Detailed step-by-step textual instructions with graphic annotations for each tool are presented on the tabs of the corresponding calculator in the Help section. We also offer to watch a brief overview video of the calculation of a bartal structure, which demonstrates the main features of the Calculator of the roofs.

• The area of \u200b\u200bany classic roof can be calculated using the formulas of the rectangle area, a triangle, a parallelogram, trapezoid: s \u003d a × b, s \u003d (a × h) / 2, s \u003d a × h, s \u003d (a + b) × h / 2, where a, b is the length of the parties, H is the height.
• The optimal inclination angle of the roof for the device of a full attic is 45 °.
• The angle of inclination of the roof directly depends on the climatic conditions of the region: in the snow-covered areas there must be steep roofs, in the windy - gentle.
• The angle of inclination of the roof depends on the roofing material: the rigid roof requires a coolest slope.
• The angle of inclination of the roof affects the final cost of the design: the steep roof is more expensive than the color.
• The height of the roof is derived by the formula of the height of an equilibrium triangle: H \u003d a × sin α, where H is the height pointing to the base, A is the side side (the length of the rafter foot on the skate), α is an angle at base (applicable for bantal roofs).
• Optimal value farmery Sve. The roofs are in the range of 50-100 cm, but no less width of the scene.
• The optimal magnitude of the front of the roof should be within 40-60 cm.
• The calculation of the roof must be made, based on the load of at least 200 kg / m 2.
• It is recommended to equip the roof through the ventilation holes from the cornese swell to the skate itself.
• All fasteners (especially external) should be galvanized or made of stainless steel.
• All wood must be treated with antipirens, antiseptics and antifungal agents.
• Wood humidity indicator for all structural elements should not exceed 18-22%.
• It is recommended to use wood not lower than 2 class, and for carrier elements - only 1 class.
• Ideal roofing pie In order from the inside to the outside: vaporizolation, insulation, waterproofing (membrane), a counterclaim, a dory, tile (or other material).

Mauerlat.

• The optimal size of the timber for Mauerlat is 150x150 mm, sometimes used - 50x150 mm.
• It is recommended to fix Mauerlat to Armopoyas with studs. However, the timber must be isolate so that it does not contact with concrete directly.
• The step of studs for mounting the Mauerlat should not exceed 150 cm.

Rafyla

• Depth washed should not exceed 1/3 of the width of the board (optimally 1/4).
• The recommended width and thickness of the board for most structures is 150-180 mm and 50-60 mm, respectively. The board cross section is selected depending on the frequency of the step of the rafter and the potential load on the roof.
• The distance between the rafters should not be less than 60 cm and more than 120 cm.
• All connections are recommended to be fixed in two different ways.
• To increase the reliability of the bolted compound, it is recommended to use metal plates and corners.
• With a width of a span more than 10 m, a mandatory installation of additional supporting structures (relells, trenches, racks) is required.

Okeekhet

• The recommended board for the crate - 25x100 mm, in the case of heavy roofs - 40x150 mm.
• For solid roofing materials, it is recommended to install a dense sparse crate, for soft - with a wider step, since the sheets of OSP will be installed on top.
• The shaft step is selected for each material individually and specified by the manufacturer.

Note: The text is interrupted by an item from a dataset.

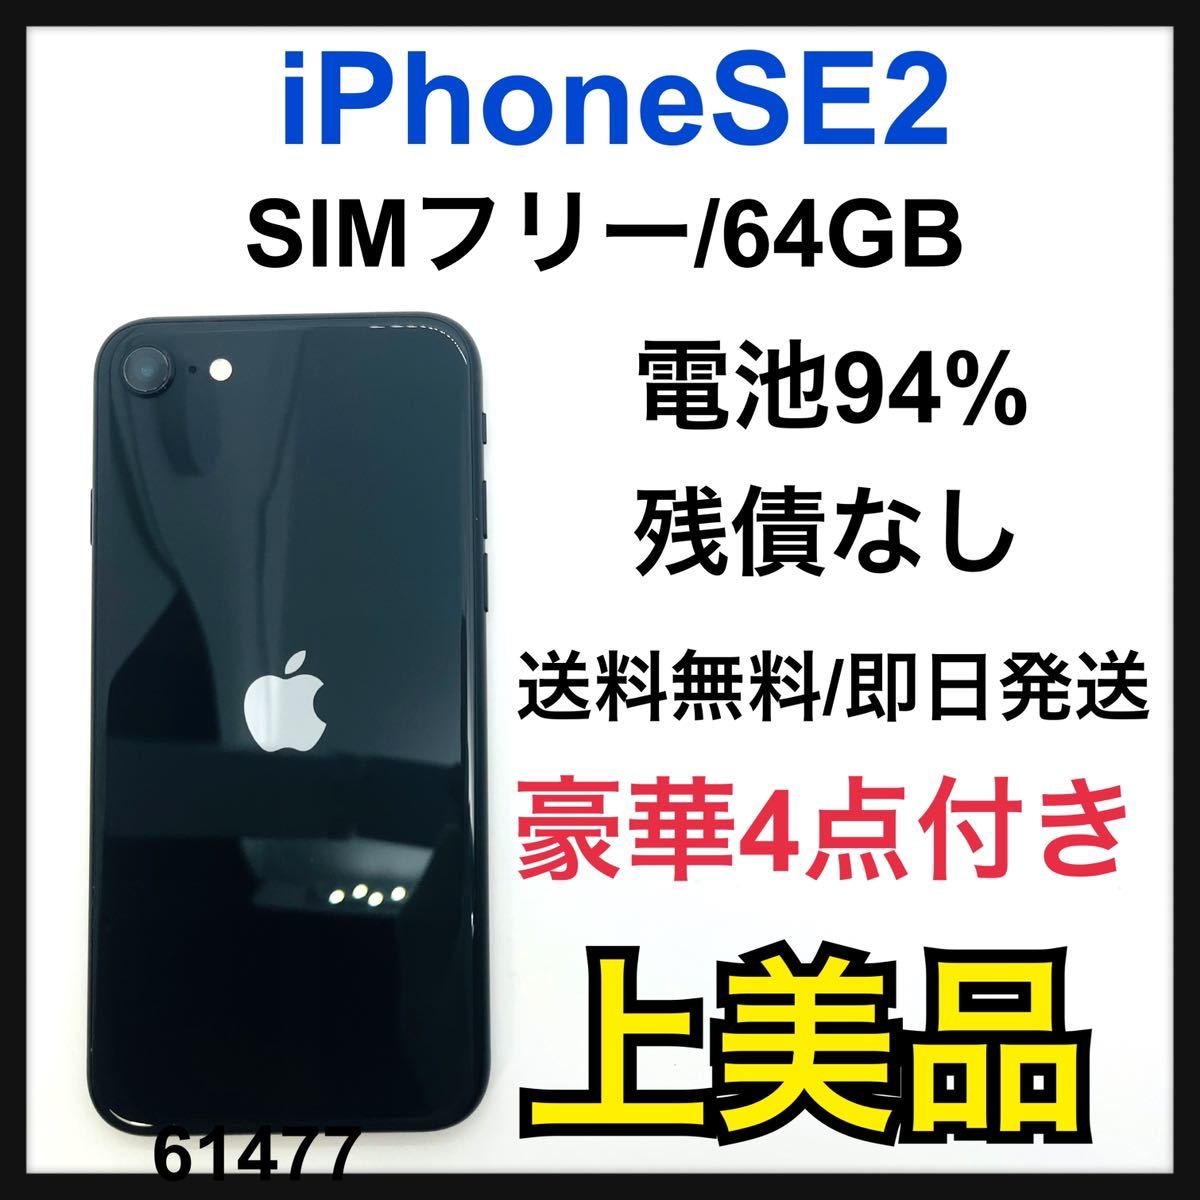 B美品】iPhone SE2 ブラック 256 GB SIMフリー 本体（84240）｜PayPay 
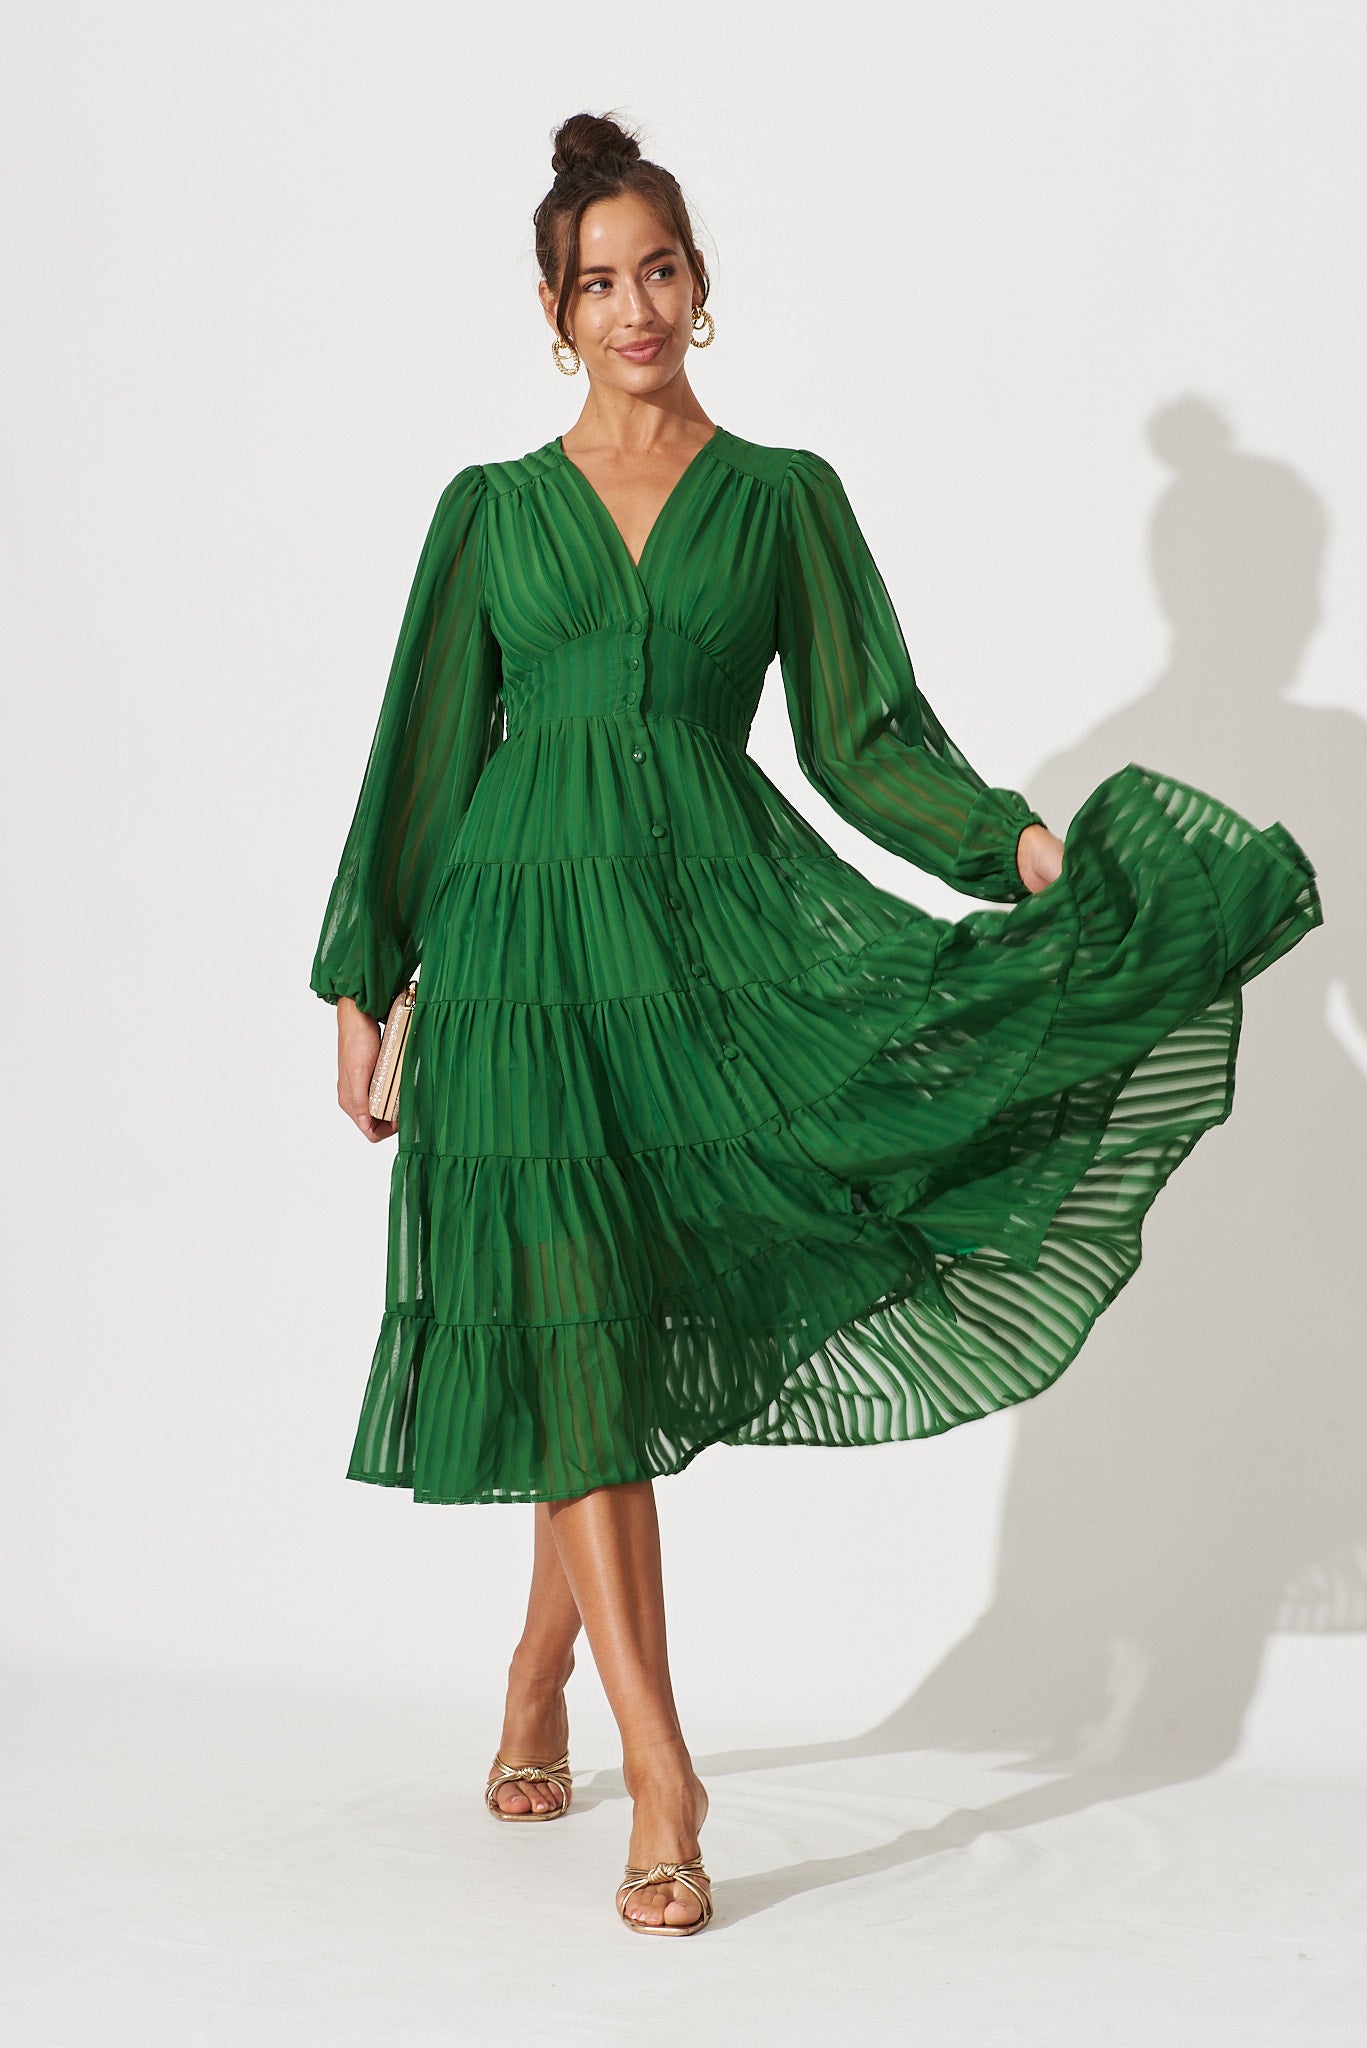 Modical Midi Dress In Green Chiffon - full length

On average for soft roof - 1-10 cm, ceramic tiles - 30-35 cm, metal tiles - 30-40 cm, professional flooring - 30-65 cm.

Isolation and insulation

• It is recommended to buy rolled heat insulation, since the slab is difficult to fix (especially alone) and it crepts more.
• The recommended heat insulation thickness is 15 cm, the minimum is 10 cm.
• Steamwaterproofing is recommended to launch a nipper (10-20 cm) with subsequent sickening places of the compound.
• Waterproofing is better laying in two layers.
• Permissible deflection of waterproofing no more than 15 mm.

Online calculator calculating the roof from Kalk.PRO is the most effective method obtaining project documentation for the manufacture of a reliable rafting roof system and other structures.